Abstract

Background: During cardiopulmonary resuscitation, the need for rescuers to stand clear before a shock is delivered invariably interrupts chest compressions. Brief interruptions like these reduce the efficacy of defibrillation in animal models. Current flow through a rescuer in contact with a patient being shocked with modern biphasic waveforms and adhesive patch electrodes has not been investigated. We hypothesized that leakage current is low through a rescuer performing chest compressions at the time of shock delivery. Methods: During 18 elective cardioversions using truncated exponential biphasic waveforms (median energy 200 joules, range 100 –360 joules), an investigator serving as the rescuer placed a gloved hand on the patient’s anterior chest immediately adjacent to the defibrillating patch with approximately 20lbs of pressure to simulate chest compressions. Skin electrodes were used to connect the rescuer’s thigh to the patient’s posterior shoulder, simulating a worst-case return current pathway. During shock delivery, voltage and current through the rescuer (hand to thigh) were recorded using a digital storage oscilloscope during the shock delivery. Results: In no cases were shocks perceptible to the rescuer. Mean patient transthoracic impedance was 57 +/− 14 ohms (range 36 –79 ohms).

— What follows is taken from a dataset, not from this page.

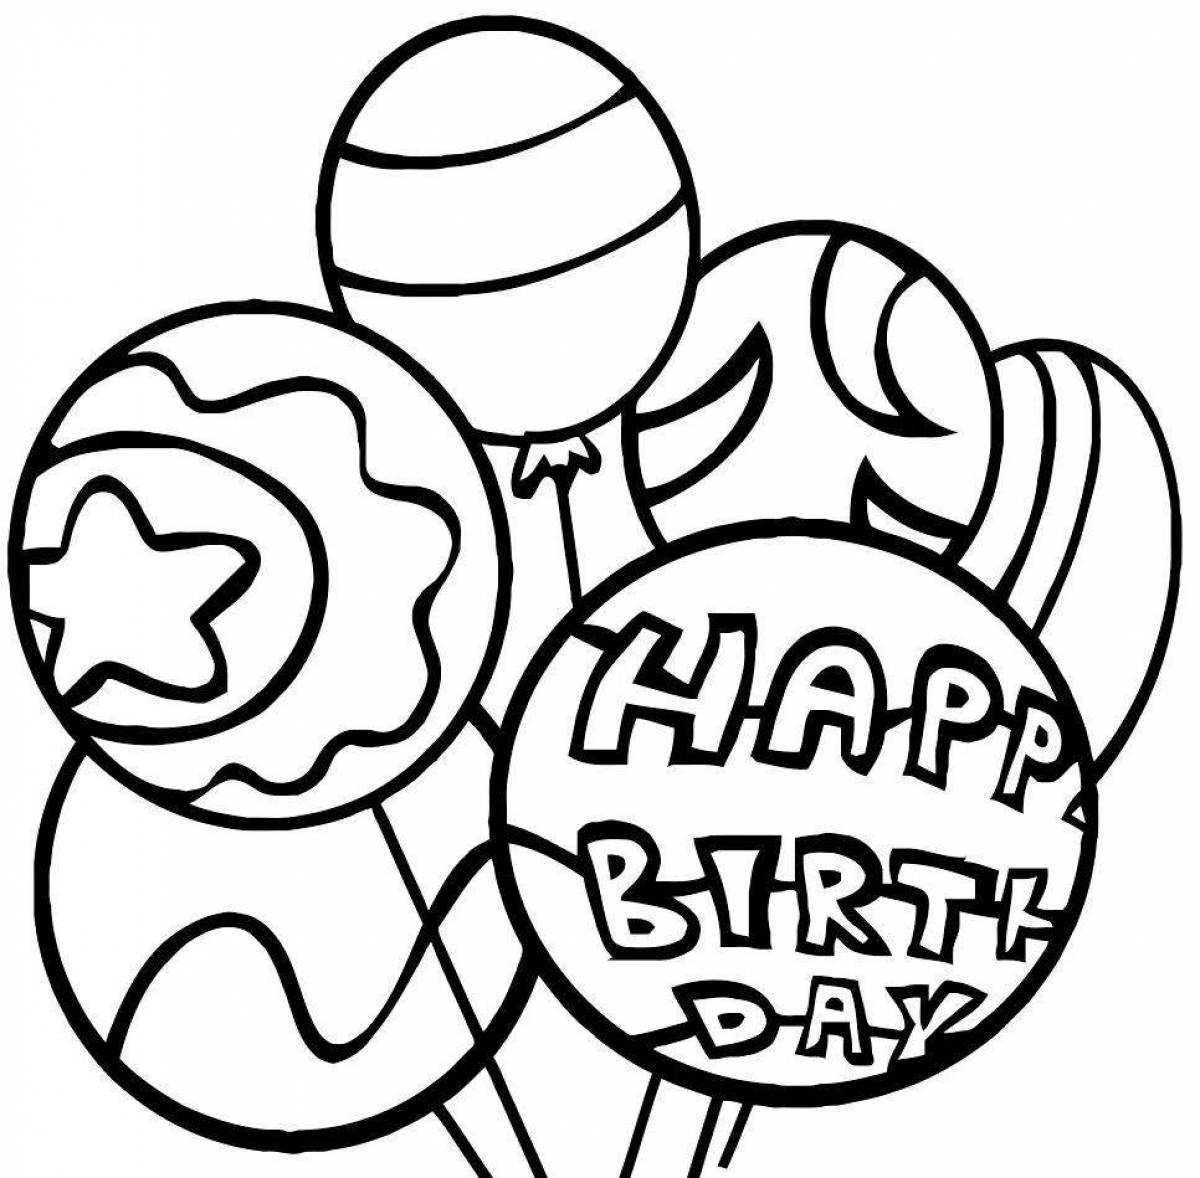 Coloring page fancy happy birthday balloons

Potential differences in volts (V) between the rescuer’s wrist and thigh ranged from 1.7 to 14 V (mean 6.7 +/− 2.7 V). Calculated impedances through rescuers ranged from 8,190 to 100,400 ohms (mean 30,100 +/− 20,400 ohms). The average leakage current flowing through the rescuer’s body for each phase of the shock waveform was 273 +/−191 microamperes (range 1 to 910 microamperes). All measured values in our series were well below 2,500 microamperes, an accepted safety standard for earth-leakage current in medical devices. Conclusions: Even in a simulated worst-case scenario, a rescuer performing chest compressions during biphasic external defibrillation is exposed to low levels of leakage current. Our findings demonstrate the safety and feasibility of uninterrupted chest compressions during shock delivery, which may enhance the efficacy of defibrillation and cardiocerebral perfusion.